George Addison, 51, was working as a computer teacher at the Queens School for Career Development when he was arrested on allegations he put his hand down the shirt and pants of a 15-year-old student. He was pulled out of the classroom in 2004. He hasn’t taught since, but despite three prior arrests for similar bad behavior, city officials did not have enough evidence to fire him and he now collects $94,154 to do not much at all, according to the news site.

These disgusting ramifications of the state’s union-friendly tenure laws prompted several parents to file a lawsuit seeking to loosen the termination restrictions in the wake of Vergara v. California – a landmark ruling that found the Golden State’s tenure laws unconstitutional.

It seems obvious that taxpayers should not be forced to pay the wages of teachers who abuse their trust to prey on innocent students, but the sad reality is that’s exactly what happening in school districts across the country every day.

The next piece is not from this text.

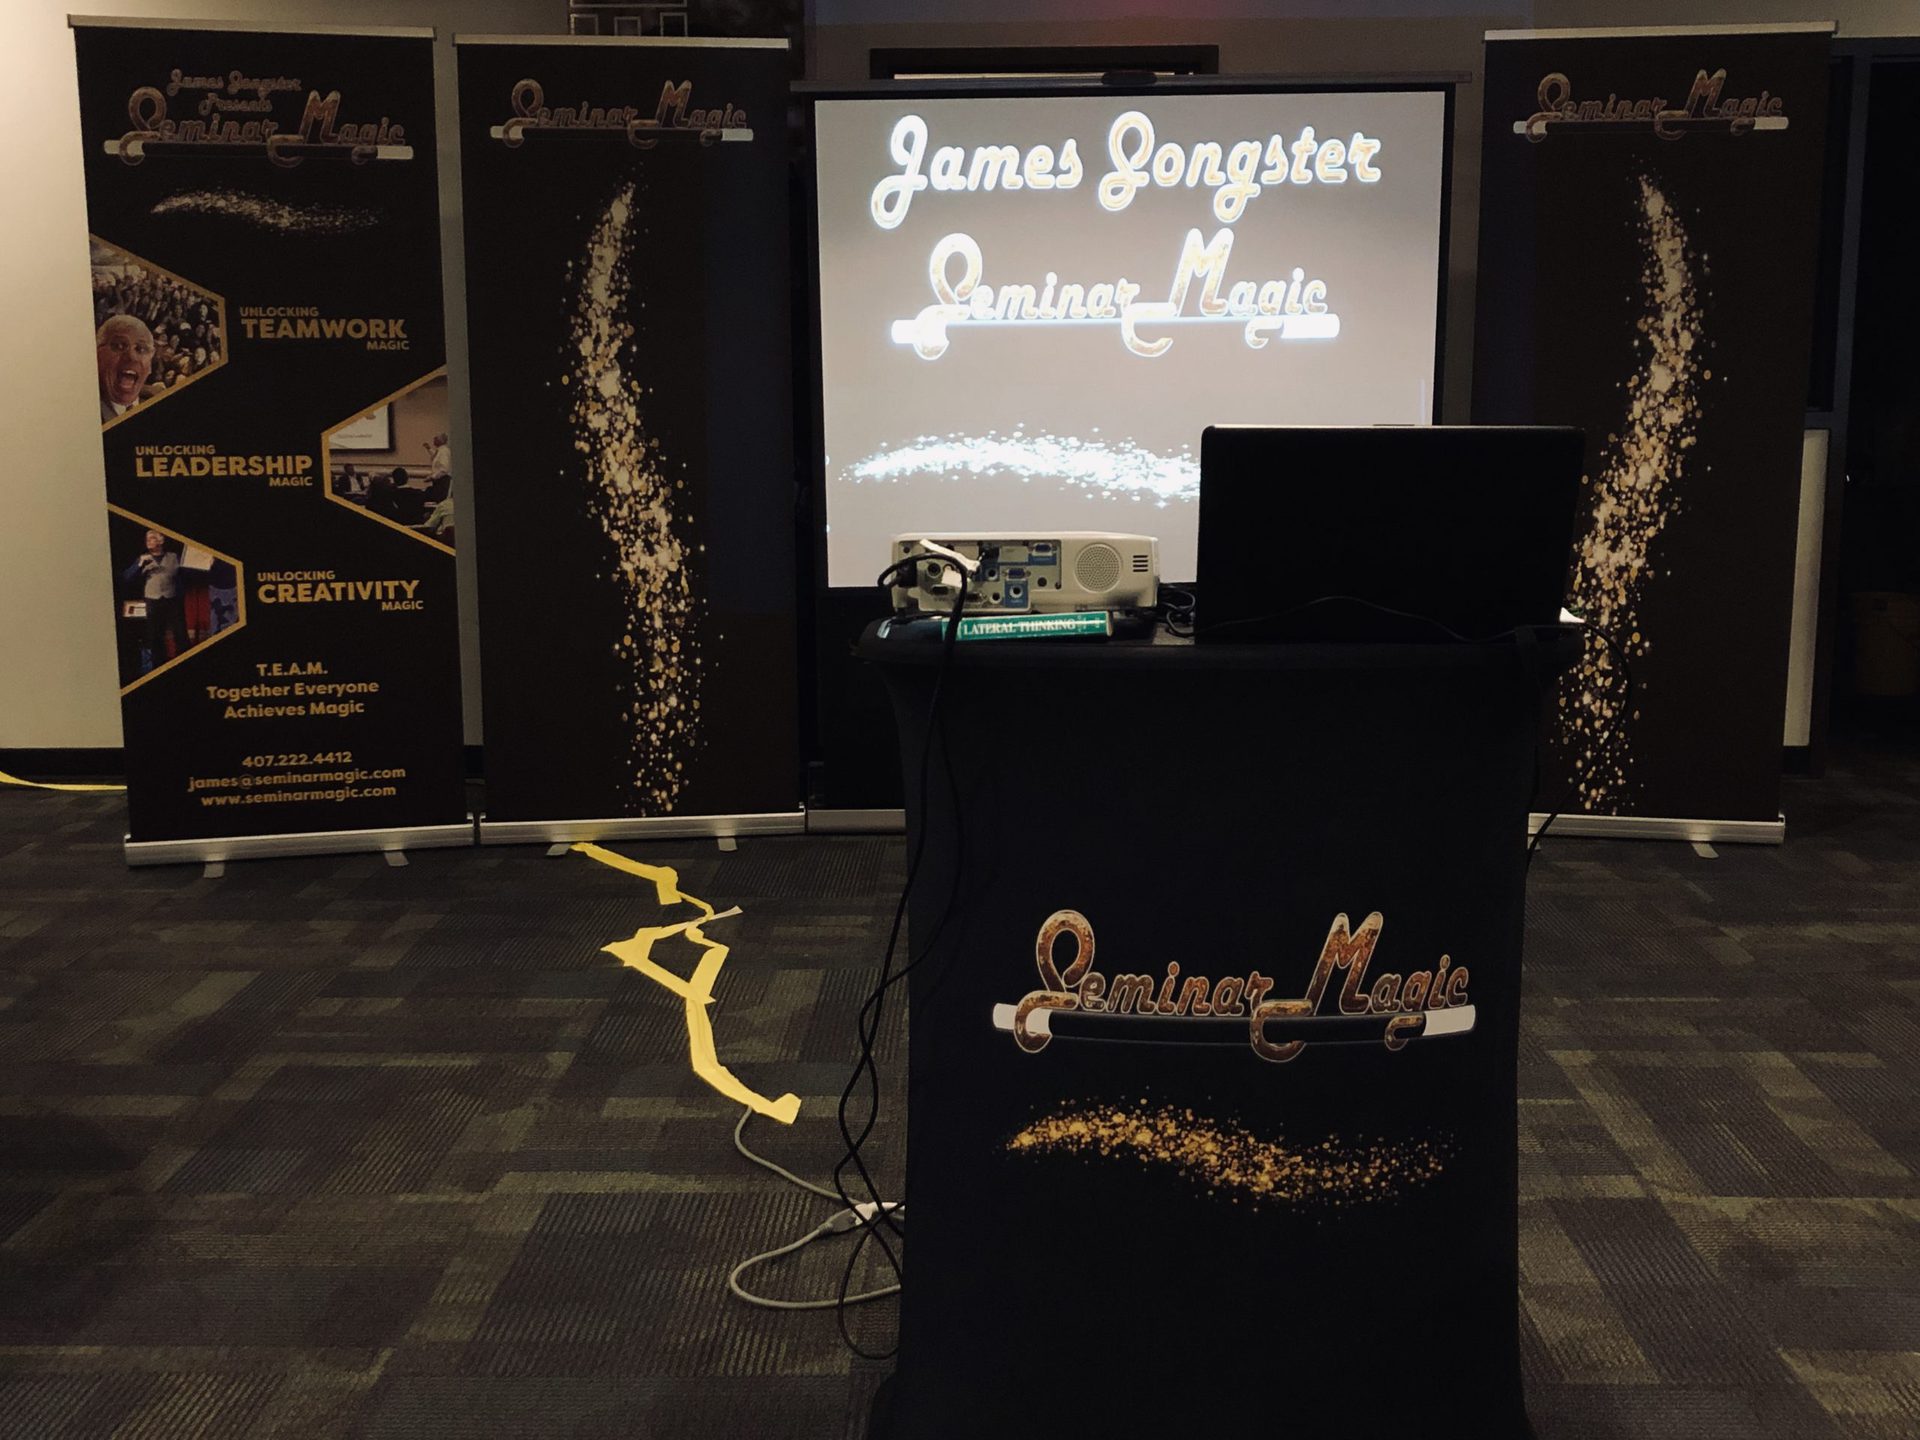 James Songster presents Seminar Magic in a Powerpoint

New York City officials thankfully opt to pull these misbehaving teachers from the classroom, but many other school districts can’t afford that luxury, and are forced to place dangerous teachers back in the classroom where many continue their bad behavior.

In other cases, union and school district officials conspire to negotiate secret deals that exchange a letter of resignation from an accused teacher for a letter of recommendation from the school district, sometimes with a severance, as well. The practice, known as “passing the trash,” also allows child molesting educators to move on to abuse students when they regain employment.

The bottom line is teacher tenure often allows educators who abuse students to get away with their crimes and continue to receive pay, courtesy of taxpayers. That alone should be enough of a reason for lawmakers to significantly amend or abolish tenure protections, and finally put student interests ahead of adult employment perks.